20 MILLION Americans will lose their health insurance starting this WEEK as states begin phasing out pandemic protection for Medicaid
- As of February 2020, more than 20 million people have signed up for government health insurance
- About 15.5 million poor and disabled Americans are at risk of losing their health insurance
- Pandemic-era emergency rules kept people from getting kicked off Medicaid
About 20 million Americans are at risk of losing health care coverage this week as states begin phasing out pandemic-era protections for Medicaid beneficiaries.
The tapering started on April 1 and will continue for the next 14 months. Millions of men, women and children who received coverage during the pandemic are at risk of losing it.
Pandemic-era legislation guaranteed that enrollees in the government program would not be dropped from the rolls, even if they would otherwise be ineligible for reasons such as higher income, meaning they made too much money to qualify.
Over the course of three pandemic years, Medicaid and CHIP enrollments have soared to 90.9 million, an increase of nearly 20 million. Now that the pandemic has ebbed, millions of Americans are believed to have returned to work, increasing their income and making them ineligible for coverage.

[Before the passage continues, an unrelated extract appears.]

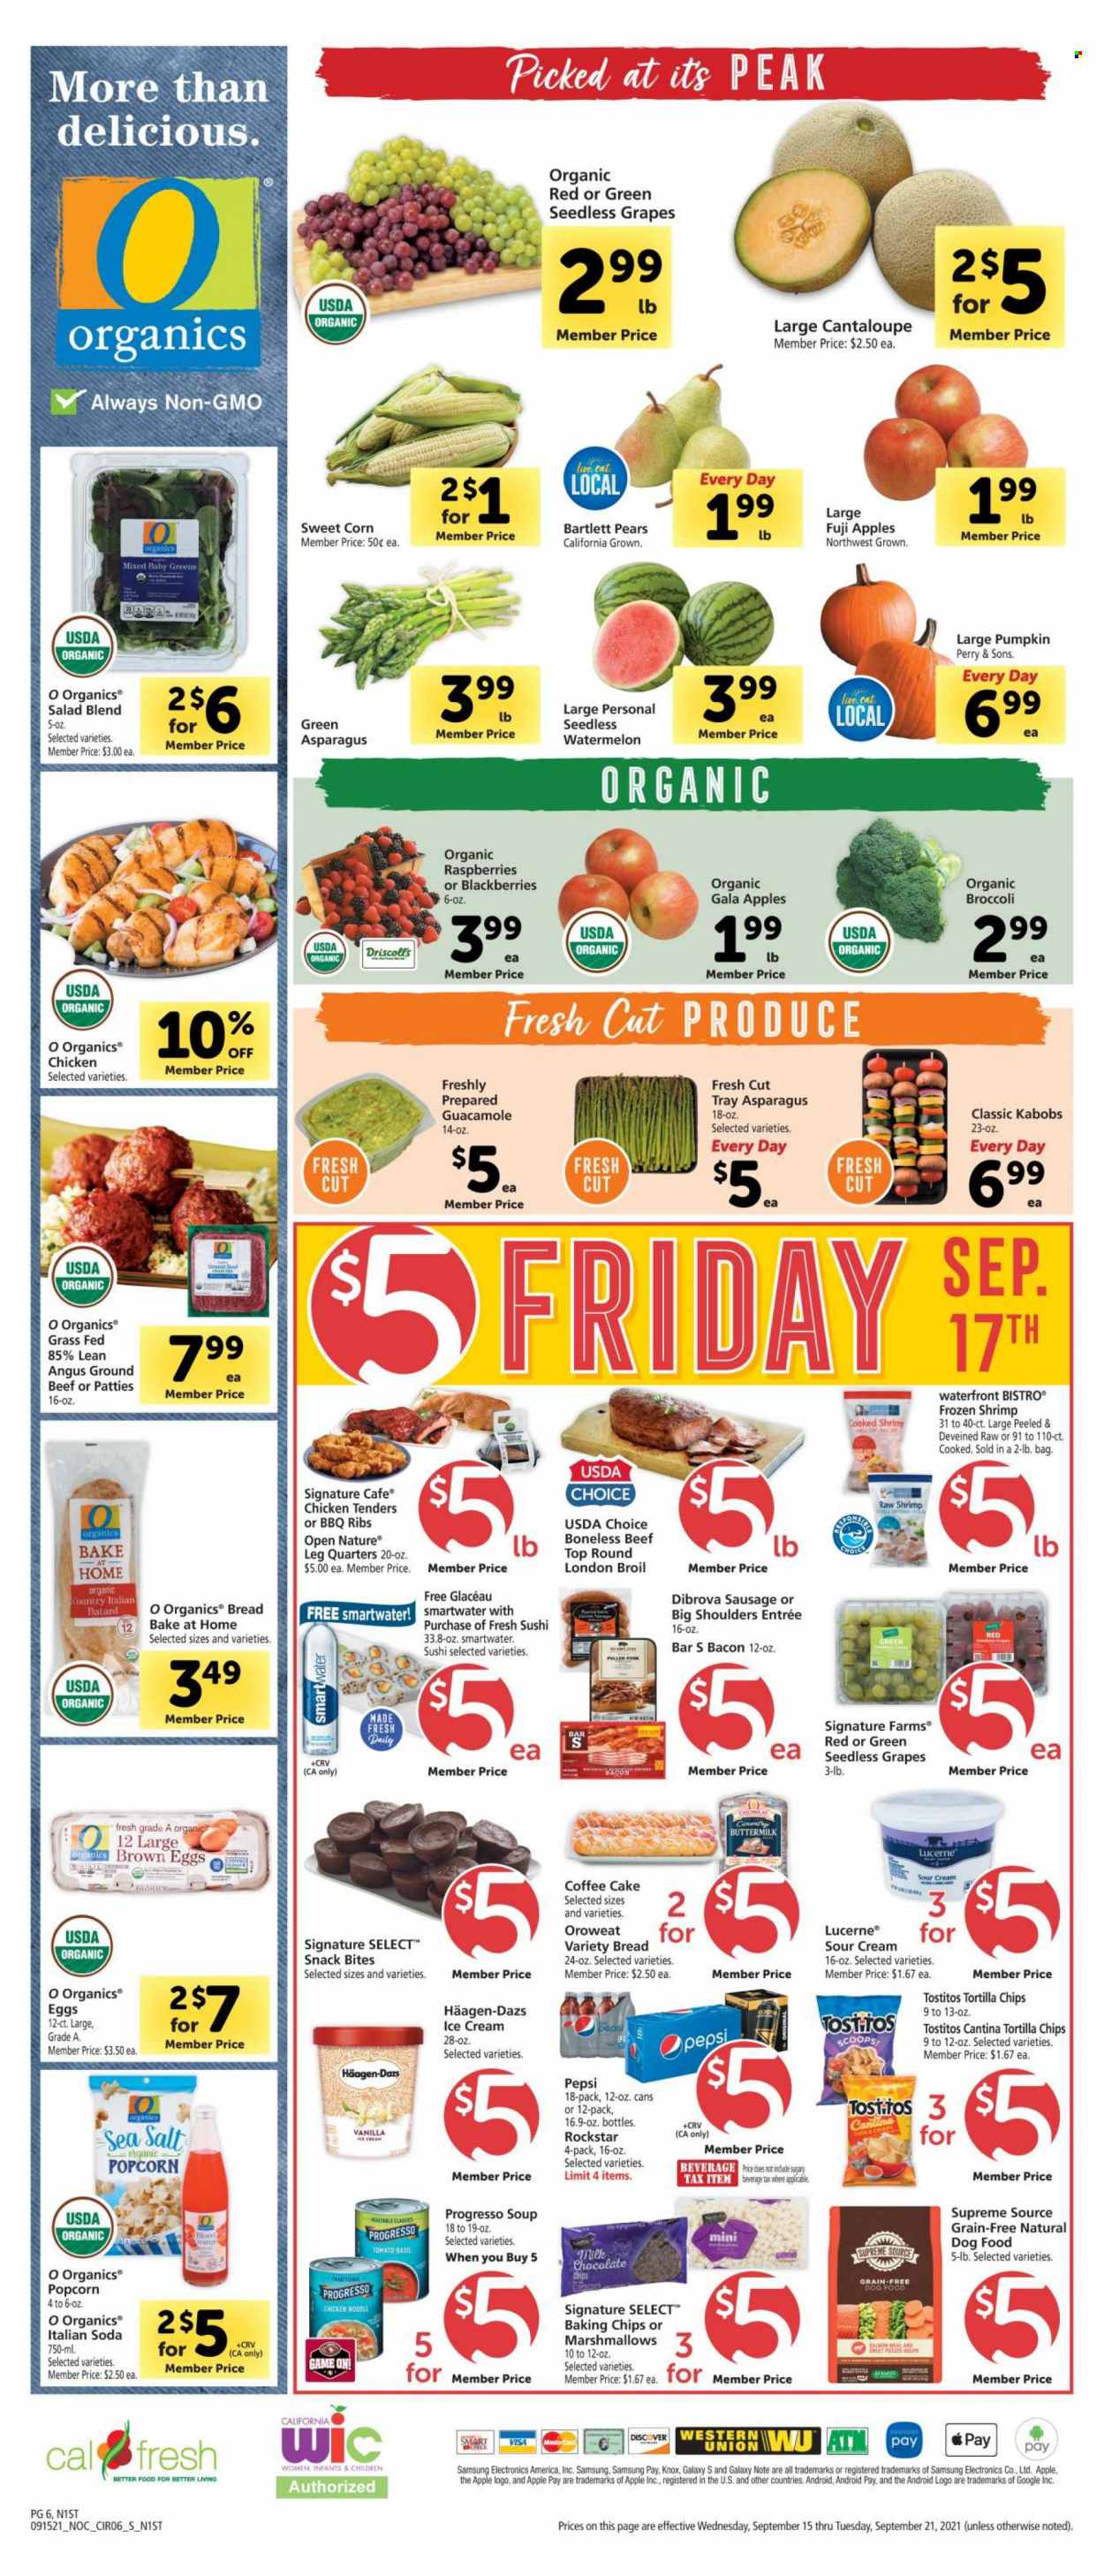 thumbnail - Safeway Flyer - 09/15/2021 - 09/21/2021 - Sales products - Bartlett pears, seedless grapes, bread, cake, coffee cake, asparagus, broccoli, cantaloupe, corn, pumpkin, salad, sweet corn, blackberries, Gala, grapes, watermelon, pears, Fuji apple, chicken tenders, beef meat, ground beef, shrimps, noodles, Progresso, bacon, sausage, buttermilk, eggs, sour cream, ice cream, Häagen-Dazs, marshmallows, snack, tortilla chips, popcorn, Tostitos, baking chips, guacamole, esponja, Pepsi, Rockstar, soda, Smartwater, animal food, dog food. Page 6.

About one in six of the 84 million Americans on Medicaid are at risk of losing their coverage in the next 14 months
Residents of Arizona, Arkansas, Idaho, New Hampshire and South Dakota will be the first to feel the pain of repurposing.
Healthcare in America is notoriously expensive with an estimated 79 million Americans struggling with medical debt.
Despite this, several Republican congressmen are toying with the prospect of drastic cuts in government health care.
States will lift protection over the course of about 14 months. About one in six of the 84 million Americans on Medicaid are at risk of losing their coverage in the next 14 months.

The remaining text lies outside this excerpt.